Алексиевич: Спасибо, спасибо за поддержку. Для меня это очень много значит, потому что я была в отчаянии. Я решила, боже мой, я люблю страну. Всегда, если вы знаете, я всегда говорю, что я человек русской культуры. Что у меня как бы три дома получилось: Украина, Беларусь и русская культура великая. Я никогда этого не отрицаю. И вдруг такая агрессия. Для меня было тяжело.
Лексус: Может быть, попробуем награду какую-нибудь для вас? Чтобы президент вам вручил. Орден Дружбы, например. По-моему, прекрасная награда.
Алексиевич: Ну я как бы не против, если… для меня всегда русский народ — это как бы близкий мне народ. Я абсолютно не против этого.
Каким образом возможно существовать вот в таком желеобразном состоянии, принимая форму любого сосуда в тот момент, когда тебя в этот сосуд вливают? А где правда? Где ты настоящий?
Вот посмотрите. Каким образом возможно существовать вот в таком желеобразном состоянии, принимая форму любого сосуда в тот момент, когда тебя в этот сосуд вливают? А где она, правда? Где ты настоящий? Какая невероятная гибкость!
Вспомните слова госпожи Алексиевич относительно своей принципиальности и того, что она не меняет своего мнения и что вообще давно пора декоммунизировать наши страны и забыть кровавое прошлое.
А вот цитата.
«Ловлю себя на мысли, что мне все время хочется цитировать самого Дзержинского. Его дневники. Его письма. И делаю я это не из желания каким-либо образом облегчить свою журналистскую задачу, а из-за влюбленности в его личность, в слово, им сказанное, в мысли, им прочувствованные. Я знала: Дзержинский очень любил детей… Тысячи беспризорников обязаны ему новой жизнью… Когда у меня вырастет сын, мы обязательно приедем на эту землю вместе, чтобы поклониться неумирающему духу того, чье имя — Феликс Дзержинский — „меч и пламя“ пролетарской революции»

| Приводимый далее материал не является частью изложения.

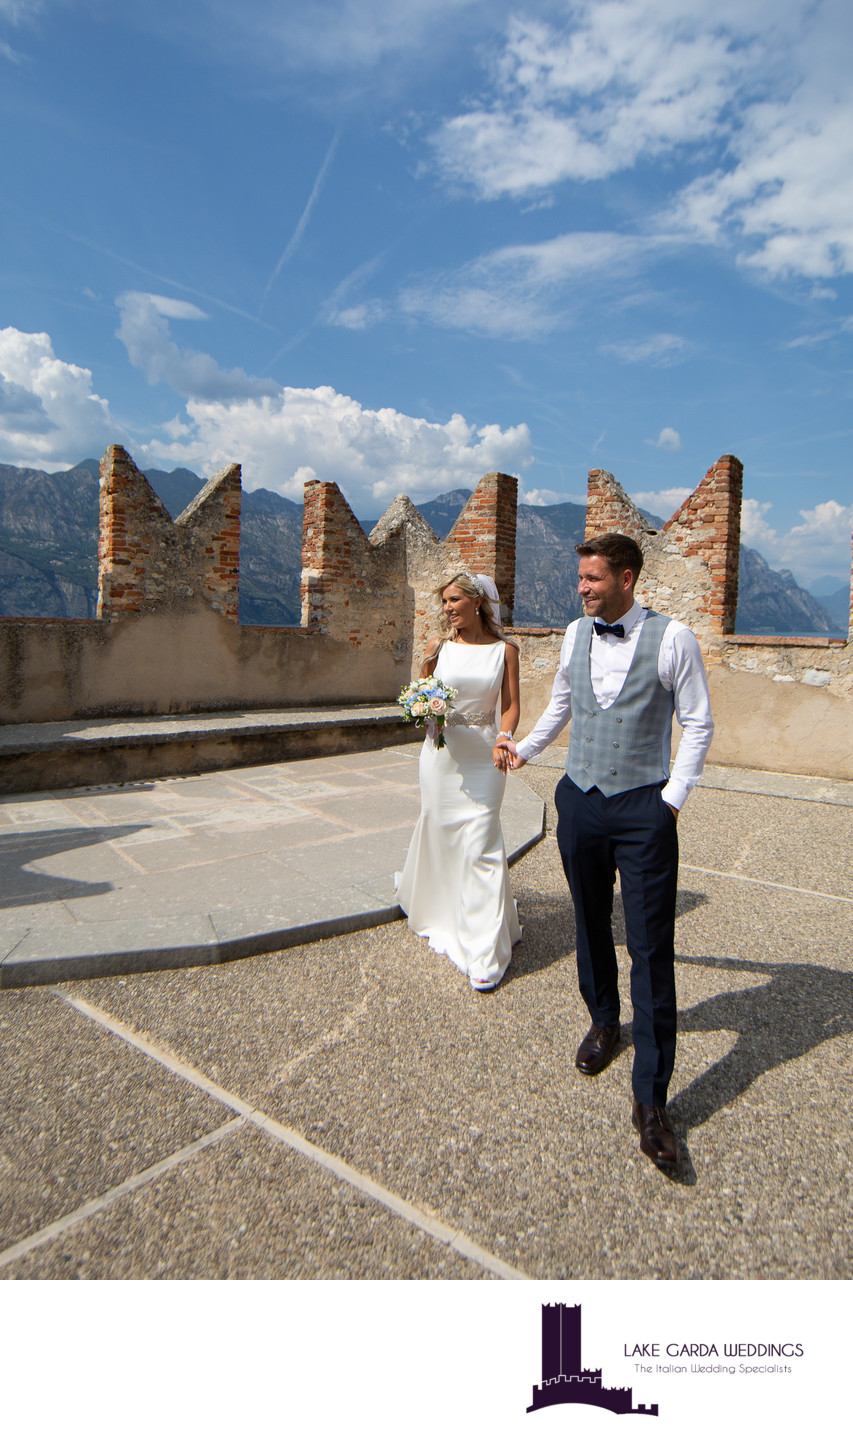 Divine weddings in Italy in Malcesine Castle.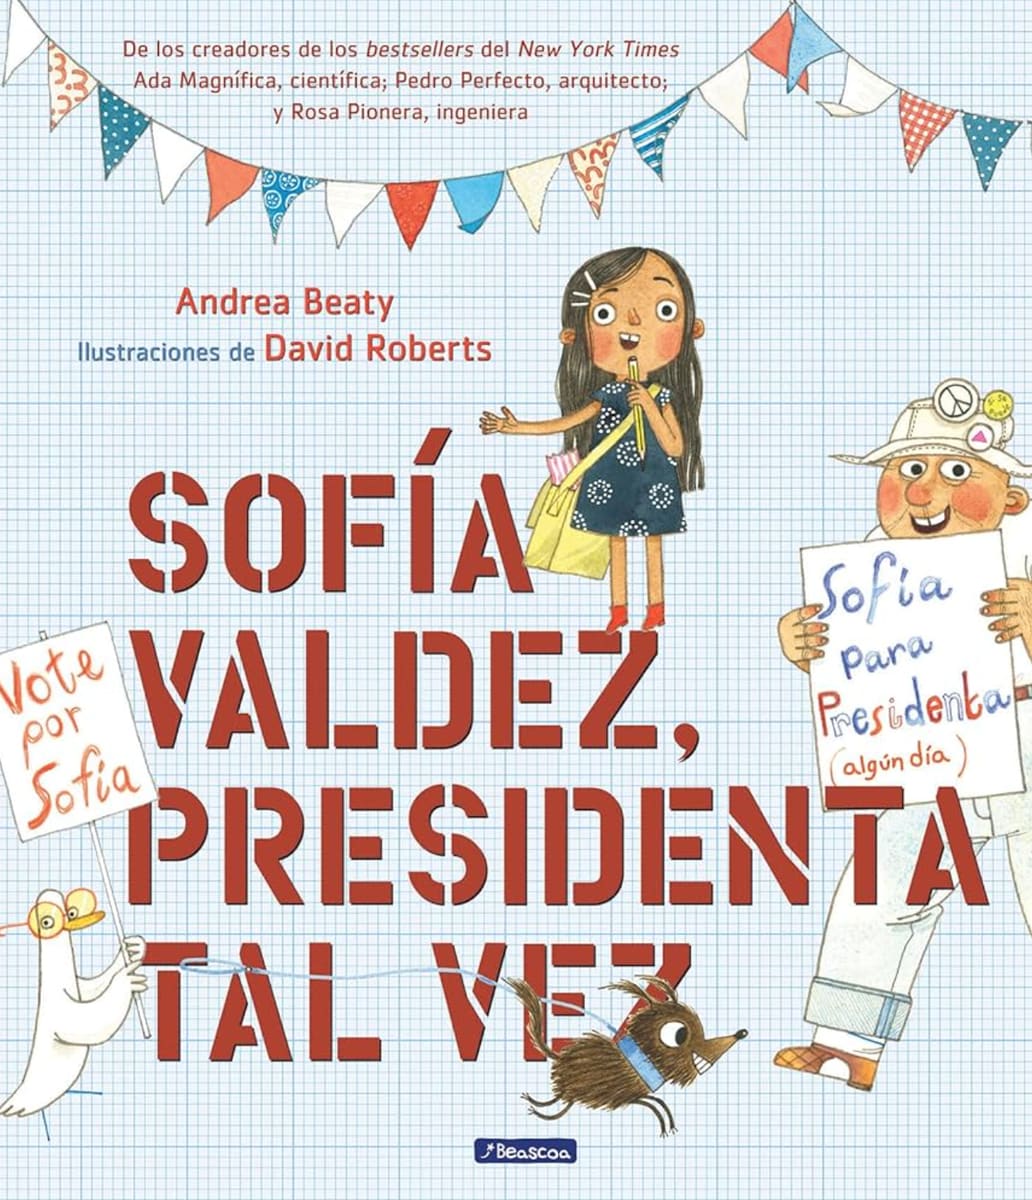 "Sofía Valdez, presidenta tal vez" by Andrea Beaty

[19]. Что думала госпожа Алексиевич, когда памятник Дзержинскому валили на Лубянской площади и ставили камень жертвам репрессий? Мне кажется, что во всем этом существует как раз та самая фальшь, то самое зыбкое, липкое, потное, неприятное, необходимость существовать все время «в тренде», оправдываться и объяснять себе и другим, за что ты получаешь Нобелевскую премию по литературе. За что? За какую литературу? А если бы ты писала с другой точки зрения идеологически, но точно так же по качеству. Была бы возможность получить Нобелевскую премию?И какая «картина маслом» получается! Какой поясной портрет! Помните, у Высоцкого: «А на левой груди — профиль Сталина, а на правой — Маринка анфас». И здесь то же самое — на правой стороне груди — орден Бандеры и «Небесной сотни», а на левой — российский орден Дружбы. И всё как-то умещается. Но не существует того единственного, за что ты перед Богом отвечаешь до конца. Даже не перед читателями — перед Богом.